Yusuf Ahmed [EMAIL PROTECTED] wrote on 17/05/2006 04:28:36 PM: Hi Guys, Couldn't find a thread like this hence this new one. Just wondering what strategy people are using when it comes to dealing with email that gets enough points to be considered as spam. Eg. being deleted and quarantined, or delivered and quarantined etc. I'm using store and deliver - is that the general concept out there with everyone? Regards, Yusuf. As a business we take copies of all emails received by the mail gateway. Messages determined to be Spam are not delivered to the end user. Using MimeDefang, the message is pulled apart and all of the bits that we find important are logged to a database so that we can use our web applications for inquiry and recovery of false positives etc.

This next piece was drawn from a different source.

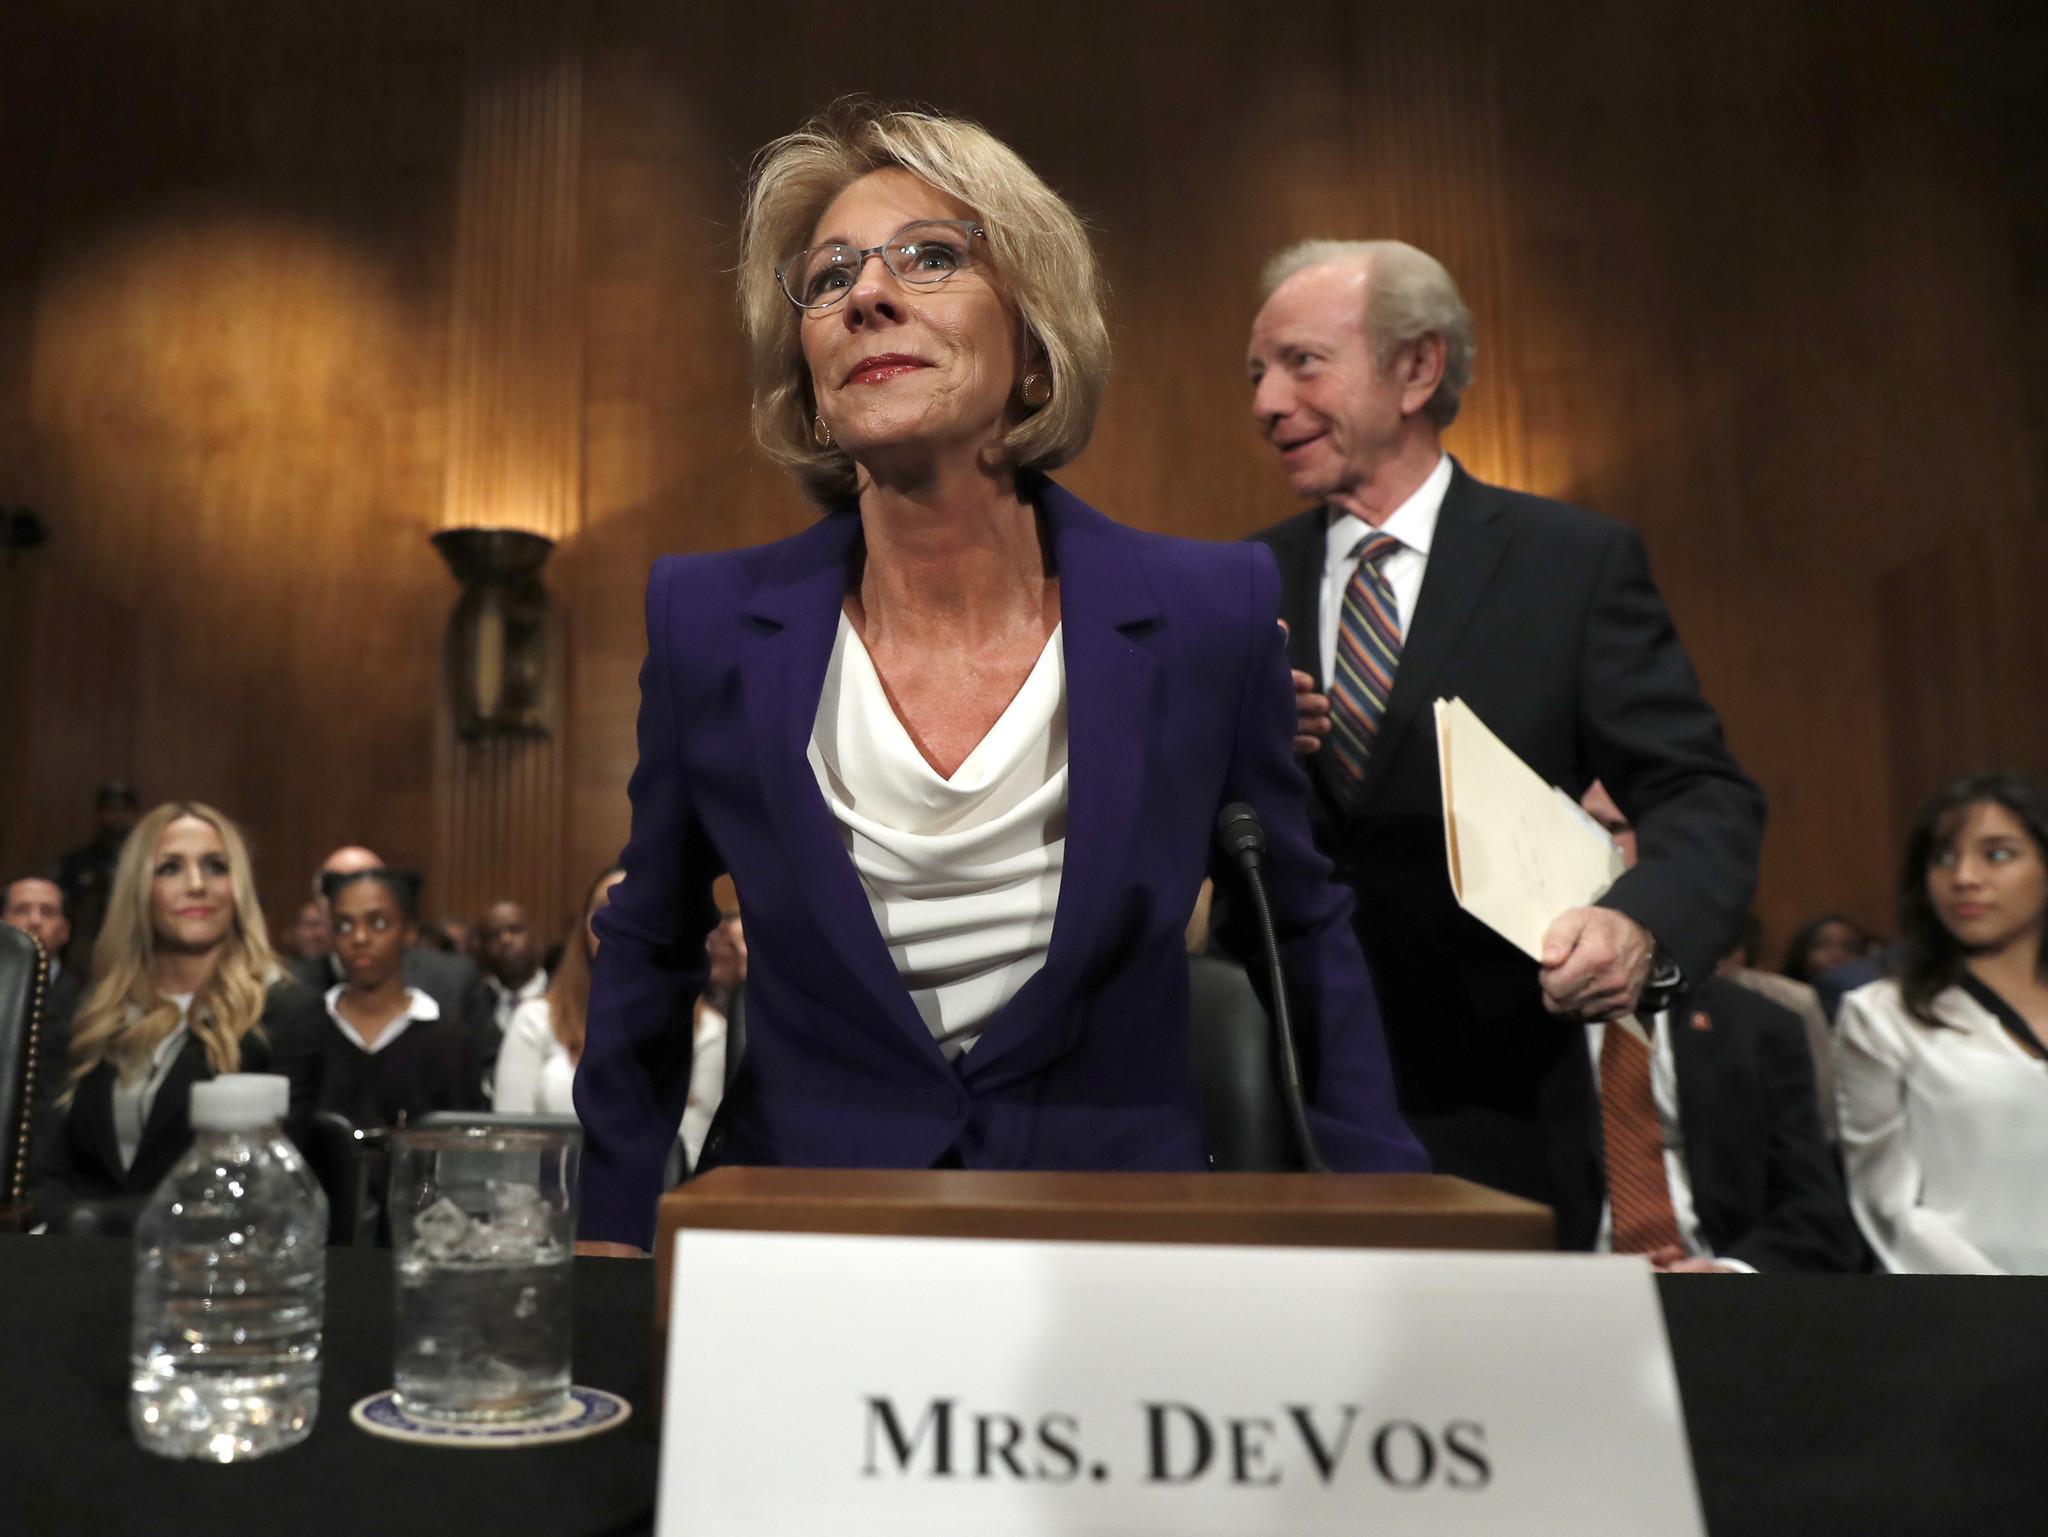 Education secretary pick betsy devos called bold reformer unfit

Other web applications have been written for administration purposes and to track down emails when there is a complaint or query. So by default we keep everything and provide mechanisms for our staff to recover an email if required. The ability to customise SpamAssassin and Mimedefang has been invaluable for us. Cheers, Aaron
Re: Delete spam or move to a folder?
Couldn't find a thread like this hence this new one. Just wondering what strategy people are using when it comes to dealing with email that gets enough points to be considered as spam. Eg. being deleted and quarantined, or delivered and quarantined etc. In trying to find the a good combination between convenience and also not missing any FPs, we came up with this: - Messages with scores over 20 are thrown away before even reaching the user. - Messages above the threshold but below 20 are filtered into a spam folder. - On a daily basis (or weekly, the user can choose), a script goes through the spam folder and summarizes all messages there that arrived since the last summary. It puts them all into one message, it lists the FROM and SUBJECTs and sends it to the user. That way the user can see everything that was filtered out in one single compact list. They are sorted by score, lowest first, thus any FP would be right near the top. - The same script also automatically deletes messages that have been there for over X (user determined) days. This keeps it from growing out of control if a user never does anything, but it also gives the user a chance to retrieve an FP if necessary. - Included in the summary, with each message listing, are also two magic links: whitelist [EMAIL PROTECTED] and redeliver. The whitelist link does the obvious. The redeliver link fetches that message out of the spam box and puts it into the inbox. (the links have special MD5 tokens built out of the relevant message parts, which only the target cgi can decipher, thus preventing any possible abuse.) Combining the auto-summary, auto-purge, and redeliver links means that users never have to deal with their spam folder directly if they don't want to.